You then have platform providers that roll-up a bunch of those technologies into as near as you can get to an end-to-end toolkit for building and implementing conversational agents.
But even platform providers themselves have diverged in a number of ways:
Some companies are targeting specific industries, like Nuance for healthcare, SoundHound for automotive, Kasisto and Clinc for banking, Hi Auto for quick service restaurants and Converse360 for local government.
You then have some platform providers who have a stand-off, self-service approach like Boost AI, where the platform is a tool to be used, without much need for support from the platform providers.
Others have a more involved, hands-on approach, like Poly AI where, if you want, a whole team of designers and engineers will design, build and manage your whole service for you.
You then have some platforms that are intended to be low-code and accessible like MindSay.
Others require more technical skills, but are more powerful, like Teneo.
Divergence is unavoidable
You see, the industry is diverging because all of these providers are trying to find a space in the market that hasn’t been taken yet. It’s the only way you can differentiate.

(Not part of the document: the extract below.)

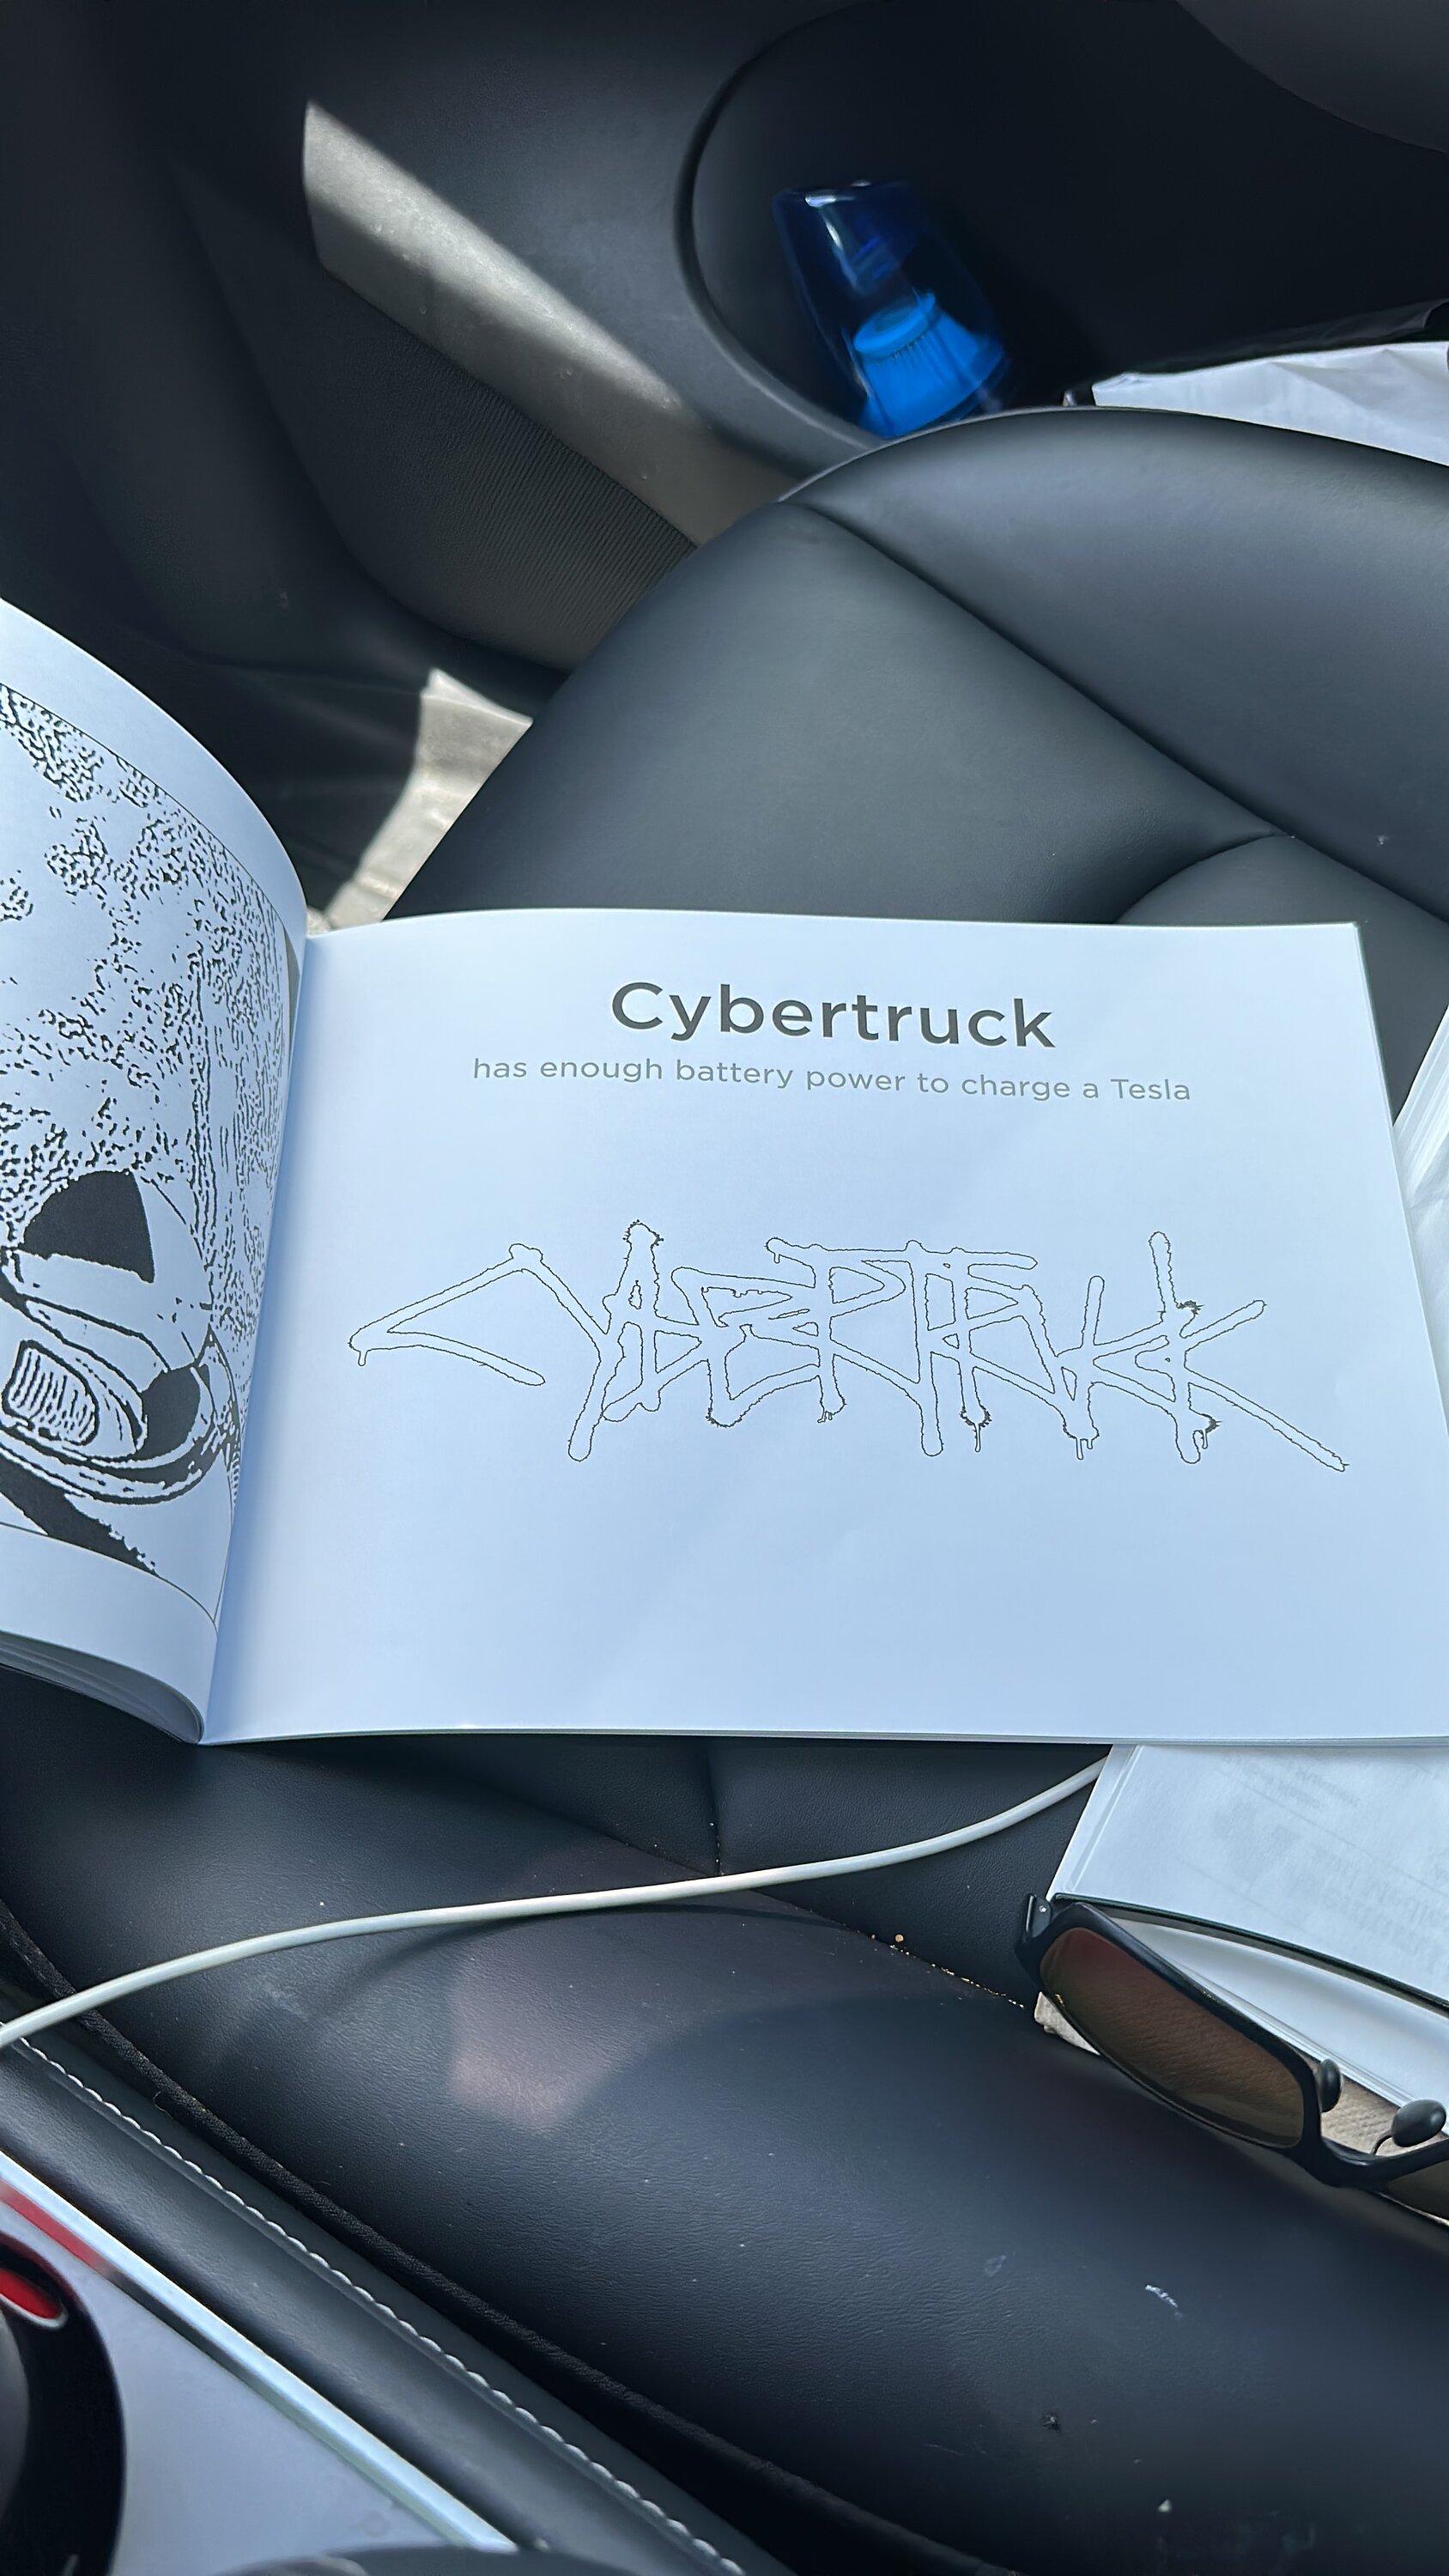 Tesla Cybertruck Cybertruck V2V Bidirectional Charging Confirmed in new Tesla service center coloring books? 2F3D2461-0922-4A29-A269-17FE340E9983

“We do call centres better than anyone else” is a very specific message that means something to someone looking to automate calls.
“Voice AI for drive-through” is an easier sell to that specific market than “general tool that you can use for whatever you like”.

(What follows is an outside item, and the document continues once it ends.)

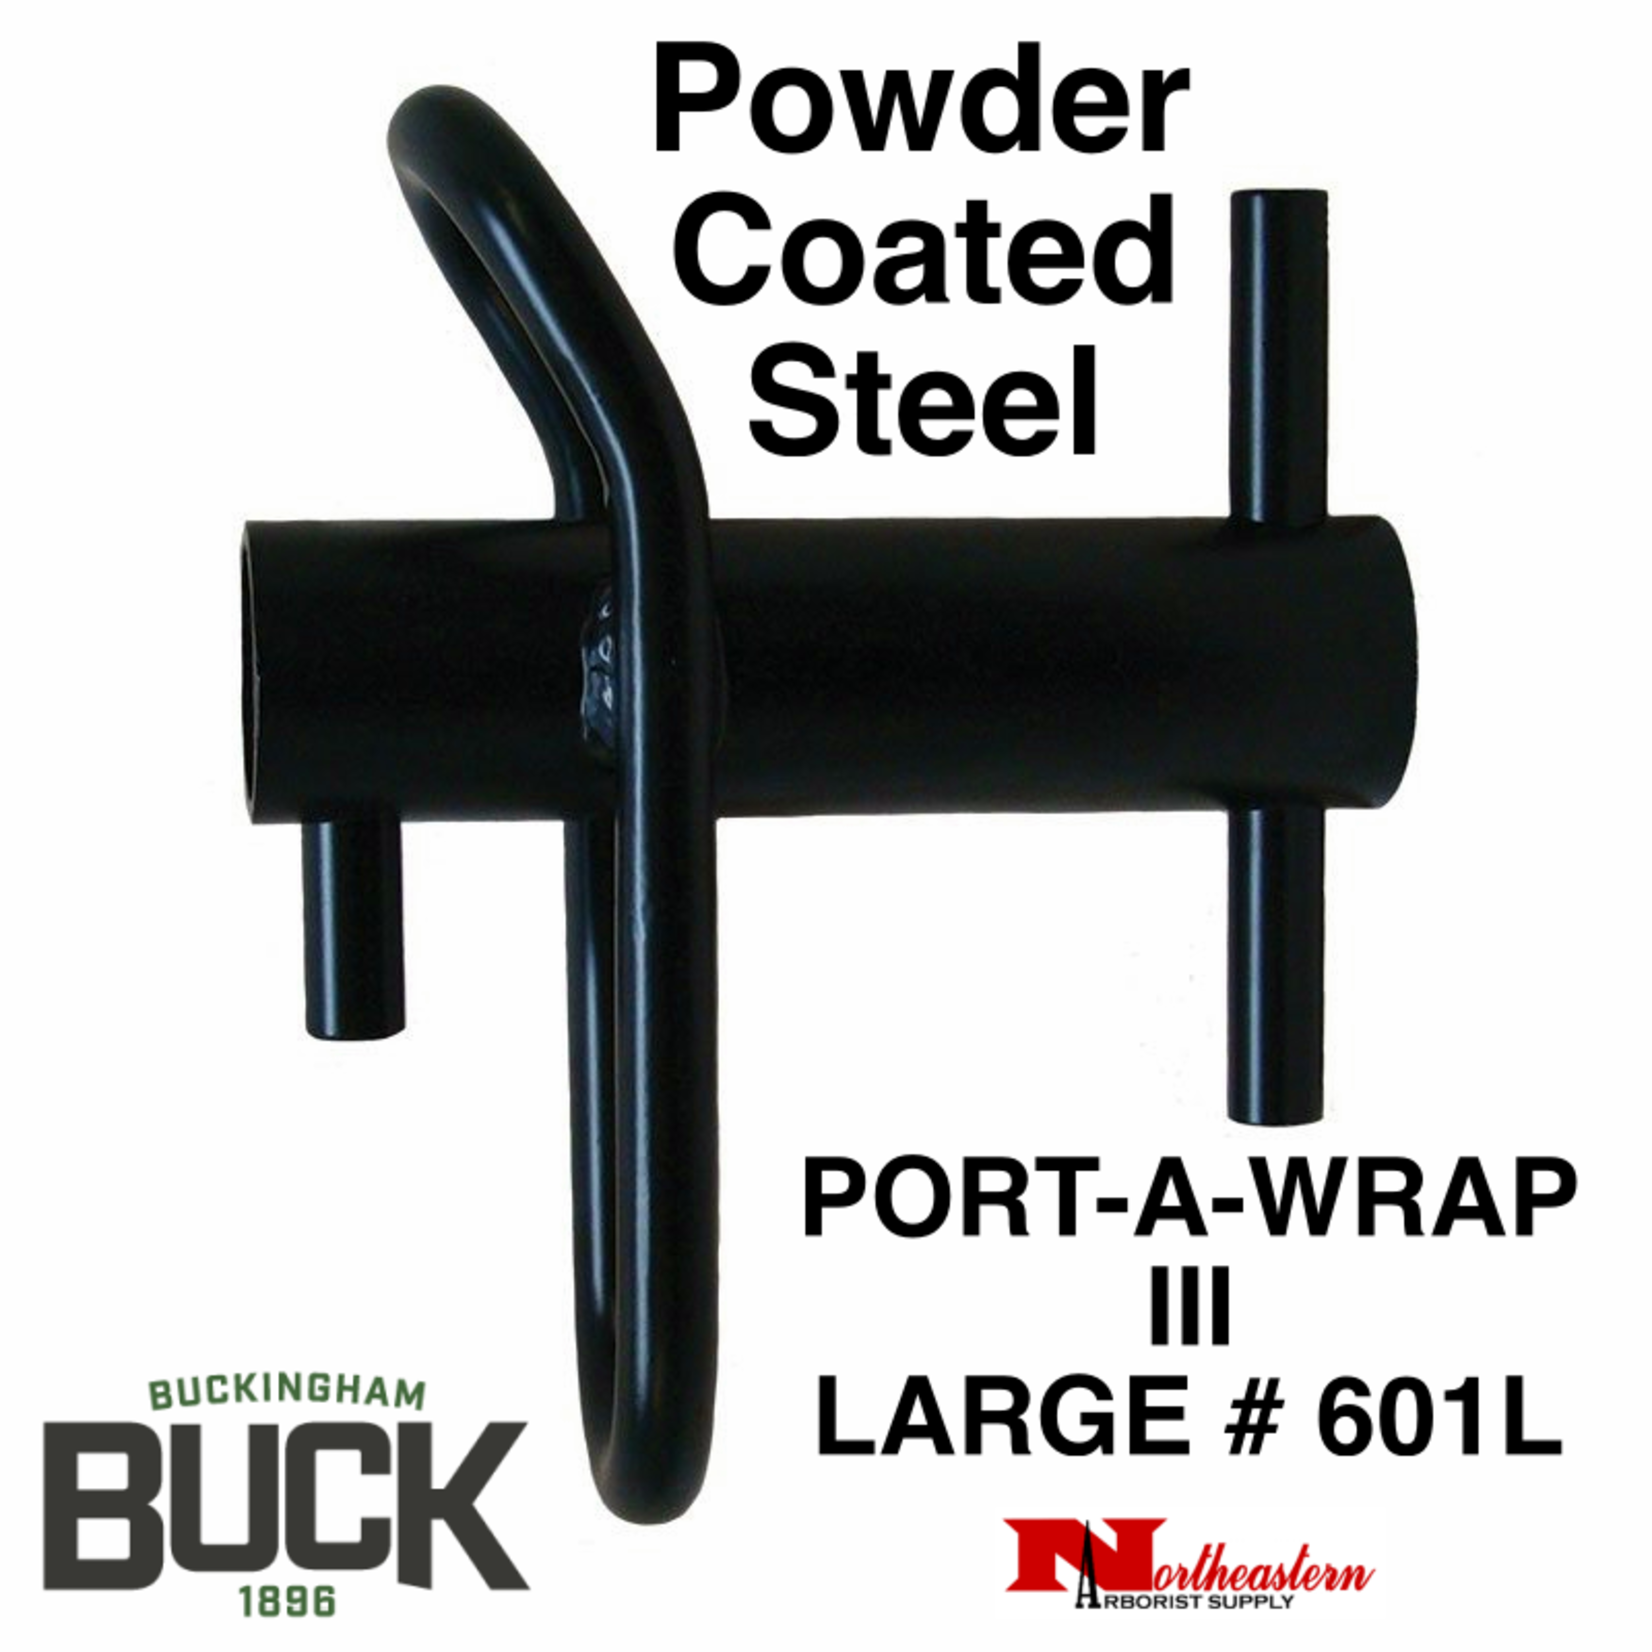 Buckingham Port-A-Wrap III, Powder Coated, Large

The value of diverging conversational AI technology
There’s obvious value in these differentiated and divergent approaches. An NLU trained on thousands or millions of drive-through ordering conversations is going to perform much better than an general NLU trained on a few sample utterances pulled out of a designer’s head.
Other providers that focus on specific industries are able to offer more compelling services that solve the specific needs of that industry. Webio’s ability to handle specific debt collection conversations, make outbound debt recovery calls and even take payments, is a tremendously compelling offering, compared to the build-it-yourself alternative.An NLU trained on thousands or millions of drive-through ordering conversations is going to perform much better than an general NLU trained on a few sample utterances pulled out of a designer's head. Click To Tweet
Queue conversational AI convergence
Even though there’s value to be found in this divergent and differentiated approach, I can’t help but feel like we’ll converge eventually.
Those who specialise in one industry, like MindSay and hospitality, will shift into other industries. We’ve saw that with Hyro. There’s simply too much opportunity to stay vertical-specific. Vertical-specific solutions, though they solve specific problems, they limit growth.
Those who have proprietary technology will integrate with other more generic capabilities, and those generic capabilities will begin allowing further training and customisation.
Those who have a hands-on approach will develop a hands-off approach as the market acquires more skills, and those with a hands-off approach will develop a hands-on approach as they expand into new markets, industries and geographies.
This will likely lead to further acquisitions as provider X looks for shortcuts into market Y by buying provider Z. We’ll be left with a bunch of technology that can be used for whatever you need it for, whatever your industry or maturity level or budget.
It’s all swings and roundabouts.
This technology and this market is a moving beast that’ll continue to move into the future, and so the most important thing businesses can do today, is to not concern yourself with the technology too much. Focus on your business requirements and, importantly, agility. Be prepared to switch providers, try new solutions and not get stuck in your ways or with a single provider indefinitely.
For technology providers, finding a specialism to differentiate yourself will get you into the market, but be prepared for a big battle ahead as others encroach into your territory. Flexibility in your approach, and constant capability and industry expansion is going to be crucial.
As for what we’ll call it, my bet is on NLP.